3 different concentrations (0.5%, 1%, 2%) of galactose were added to 100 µl yeast culture in SD min medium. We measured the fluorescence in 20 minutes intervals for 6 hours using a plate reader.
The first graph shows evolution of fluorescence in time. We subtracted fluorescence of negative control from the fluorescence of each sample and divided this by difference between sample´s and negative control´s ODs in order to obtain RFU units.
Our measurement showed that the higher concentrations causes quicker and higher activation of the promoter.
Since 2% appears to be the convenient concentration for maximal activation of the promoter in our experiment we used it as a reference and related the activity of other concentration to this concentration. Results are displayed in the second graph.
The third graph show the static response characteristic, dependence of activation on concentration, related to the 2% concentration.
Characterization by British Columbia iGEM 2011
Fluorescence Analysis of GFP expression as regulated by GPD and GAL Promoters
The GPD promoter (BBa_K517001), GAL promoter (BBa_K517000) and GAL1 promoter with Kozak sequence (BBa_J63006) as characterized by their regulation of the expression of a GFP reporter.

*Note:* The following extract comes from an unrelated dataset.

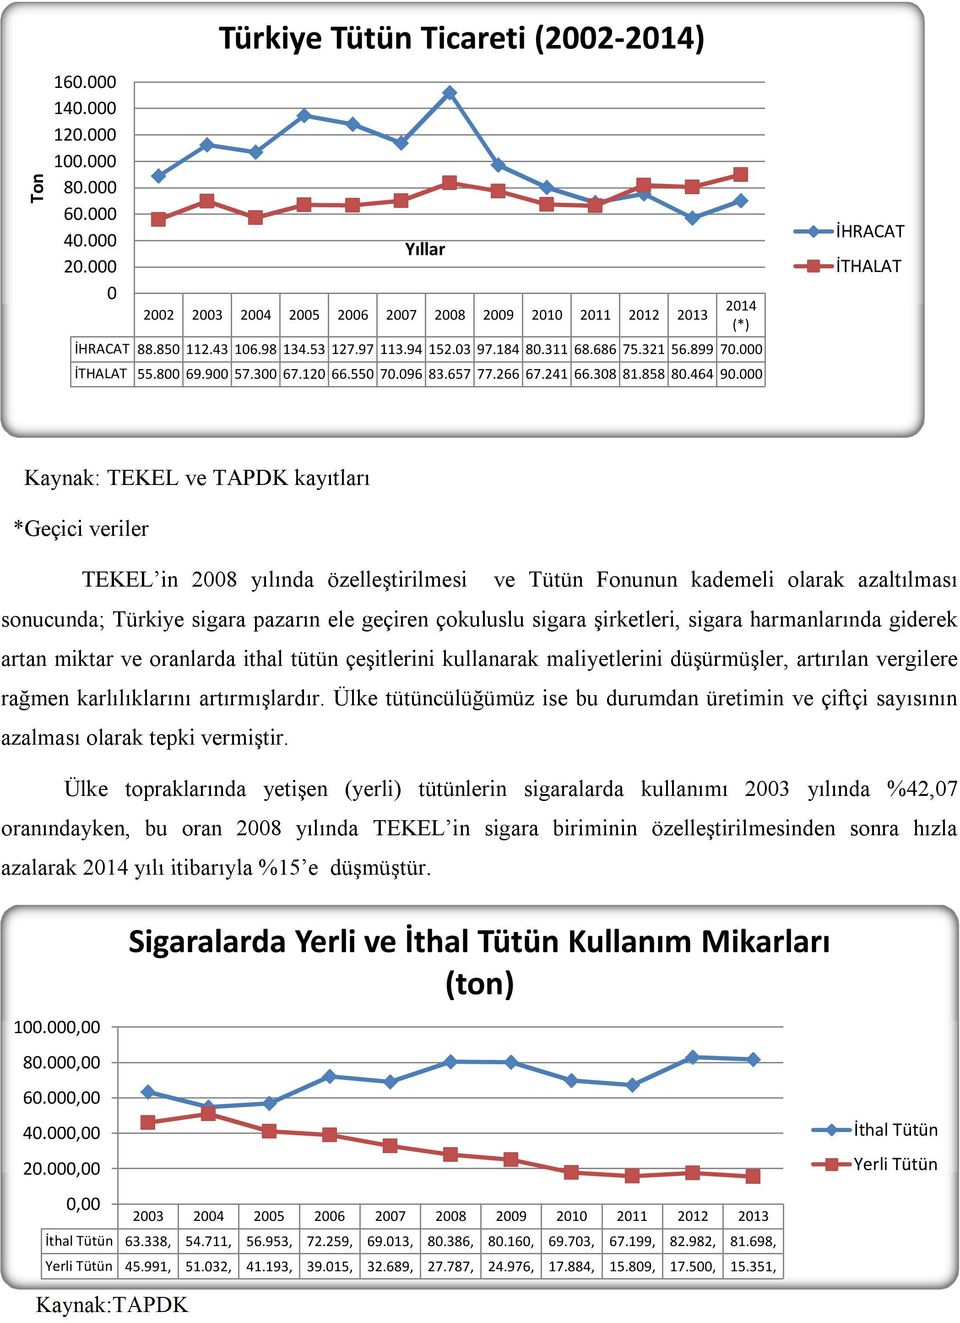 Kaynak: TEKEL ve TAPDK kayıtları *Geçici veriler TEKEL in 28 yılında özelleştirilmesi ve Tütün Fonunun kademeli olarak azaltılması sonucunda; Türkiye sigara pazarın ele geçiren çokuluslu sigara

Microscopy images show that the BBa_K517001 GPD promoter is constitutively activated and there is induction of the BBa_K517000 GAL promoter when it is shifted to galactose media. However, it is difficult to differentiate the expression of GFP under the regulation of the BBa_J63006 GAL Promoter with kozak sequence whether in glucose or galactose media. We have also analysed these by fluorescence activated cell sorting (FACS) (data available on BBa_K517000 and BBa_K517001 experience pages) but it remains ambiguous for the BBa_J63006 GAL Promoter. It would appear that were is a very weak constitutive expression of the GFP reporter under the BBa_J63006 GAL Promoter.
As a follow up to this experiment, we did a quick check of the BBa_J63006 GAL Promoter, but results were again not conclusive; there does not seem to be a clear induction of GFP expression when grown in galactose media.

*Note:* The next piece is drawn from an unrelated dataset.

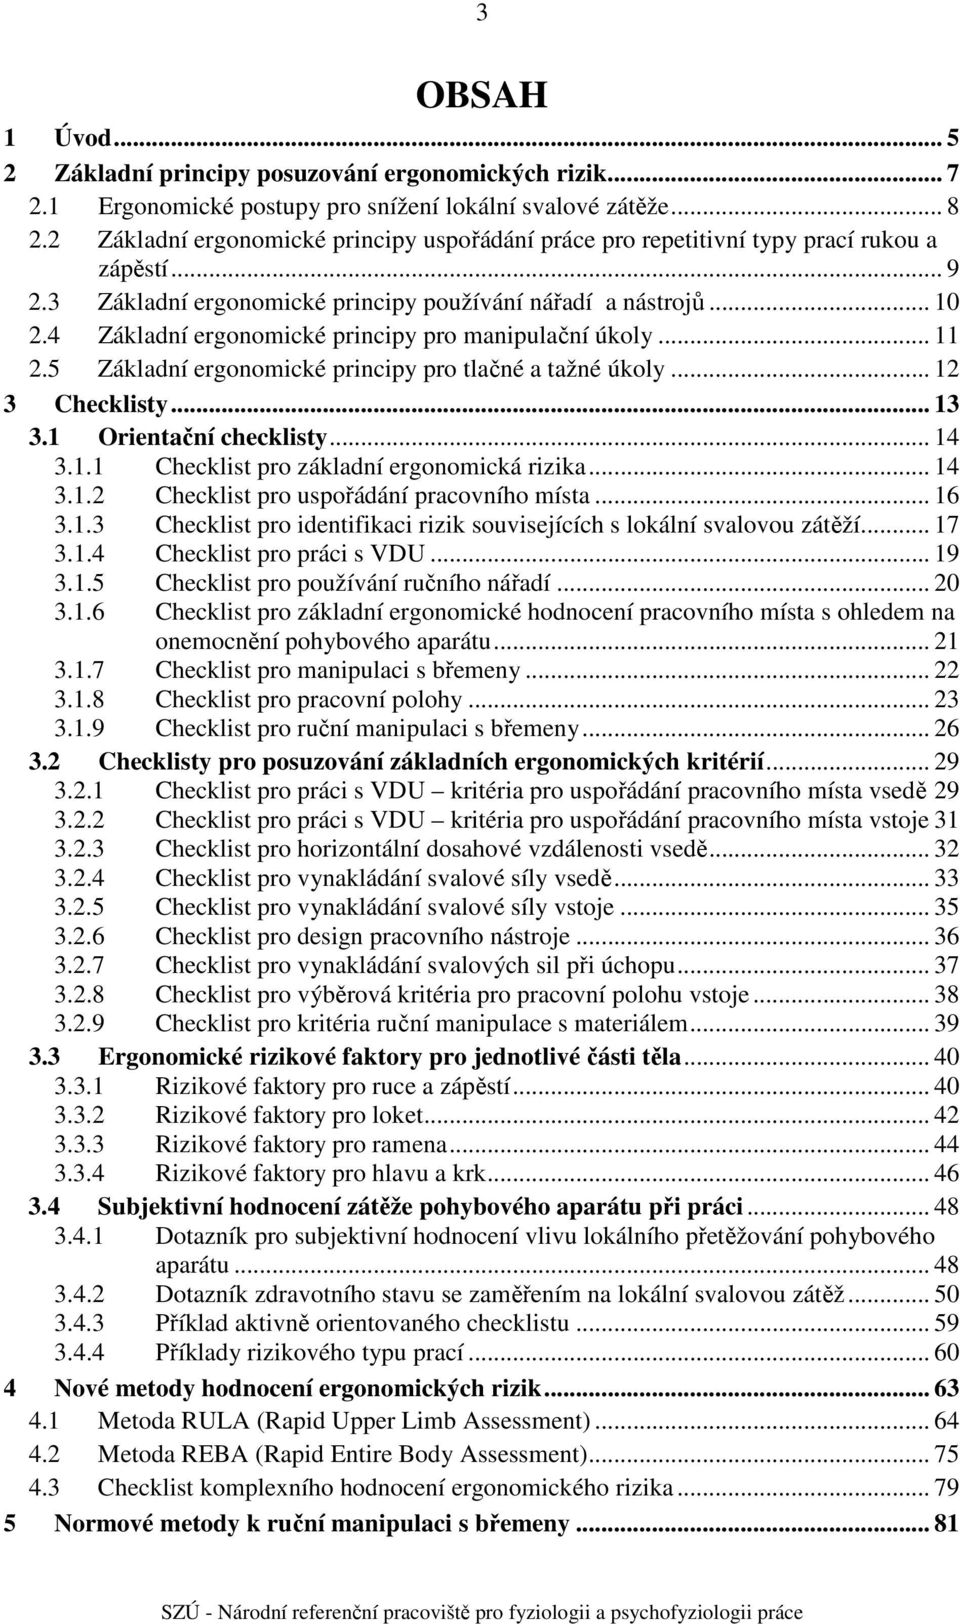 Základní ergonomické principy pro manipulační úkoly... 11 2. Základní ergonomické principy pro tlačné a tažné úkoly... 12 Checklisty... 1.1 Orientační checklisty... 1.1.1 Checklist pro základní ergonomická rizika.

DISCLAIMER: It may be that there was some error in cloning. We have to sequence to find out if we placed the BBa_J63006 GAL Promoter accurately into our GFP reporter construct. Nonetheless, PCR has been performed to confirm the presence of the BBa_J63006 GAL Promoter upstream of the GFP reporter. We are currently sequencing this construct and will have details at the Regional Jamboree 2011.

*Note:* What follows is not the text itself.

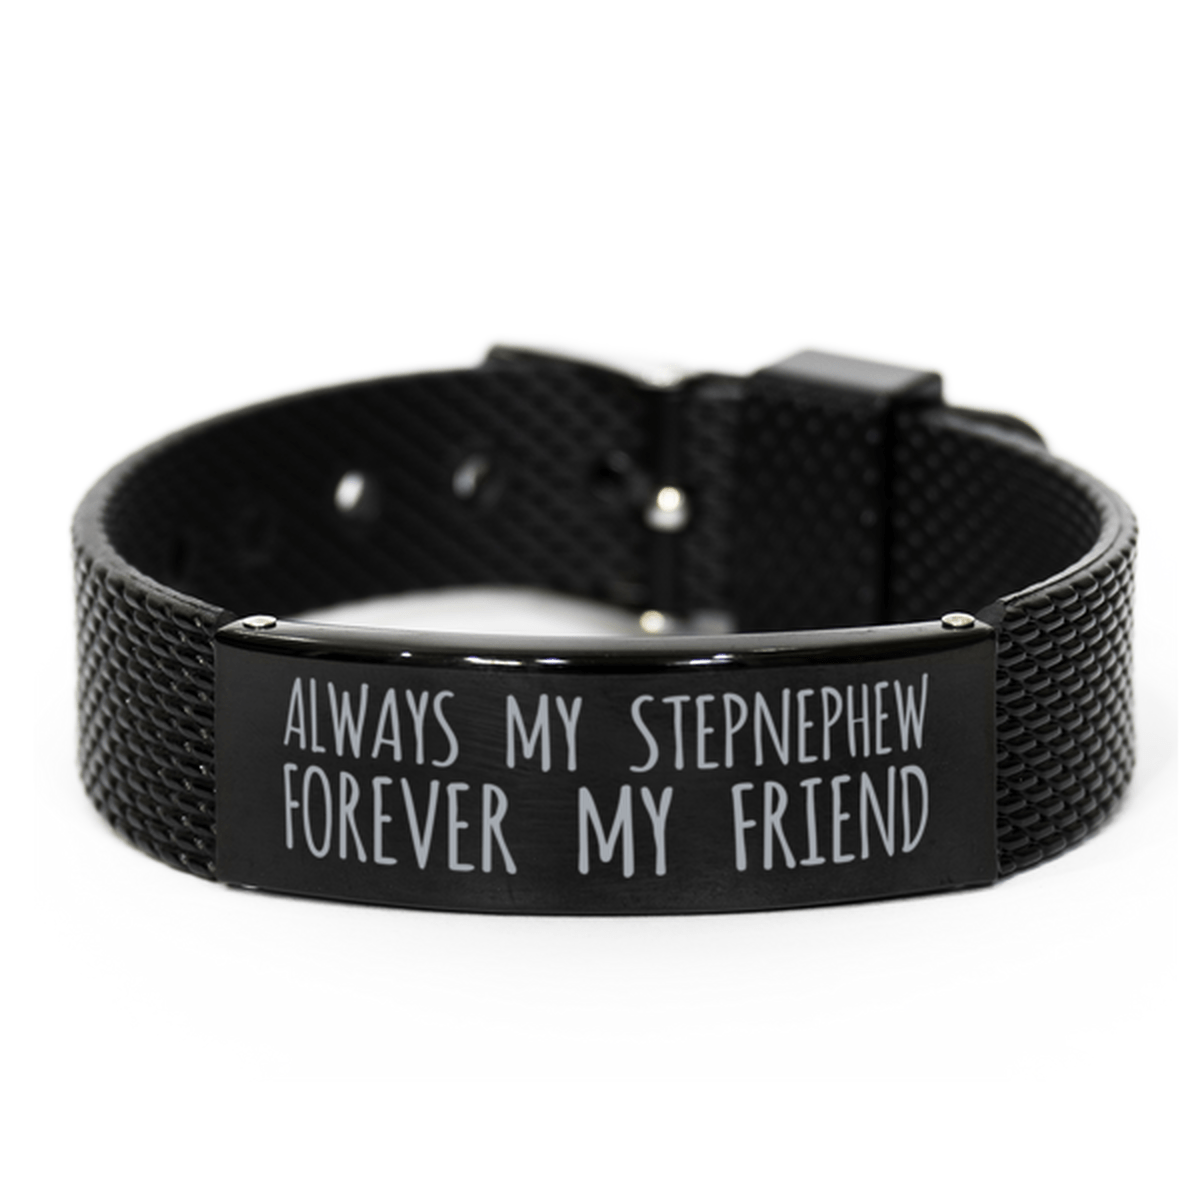 Inspirational Stepnephew Black Shark Mesh Bracelet, Always My Stepnephew Forever My Friend, Best Birthday Gifts for Family Friends

Another potential explanation for why this part may not have worked compared to our own BBa_K517000 GAL Promoter is that the kozak sequence may be interfering with expression of protein downstream; since the kozak sequence itself carries an ATG, it may be possible that this is competing with the ATG of the GFP to result in less expression even under galactose induction.
Improvement by USTC 2016
Our part is Part:
BBa_K2009363
.The SUP35NM gene we used is originally provided by Dong Men, PhD of Wuhan Insititue of Virology of Chinese Academy of Sciences, and the sequence is not quite the same as the existing sequence in the Parts Registry, for a lot of mutations have been done. The standardization of this gene is did by ourselves by adding the Biobrick prefix and suffix to its ends and doing a site mutation to eliminate the PstI cutting site inside it. Comparing to the sequence submitted by other team, our SUP35 gene is shorter, which means lower expressing pressure and the possibility to express more protein in the E.coli.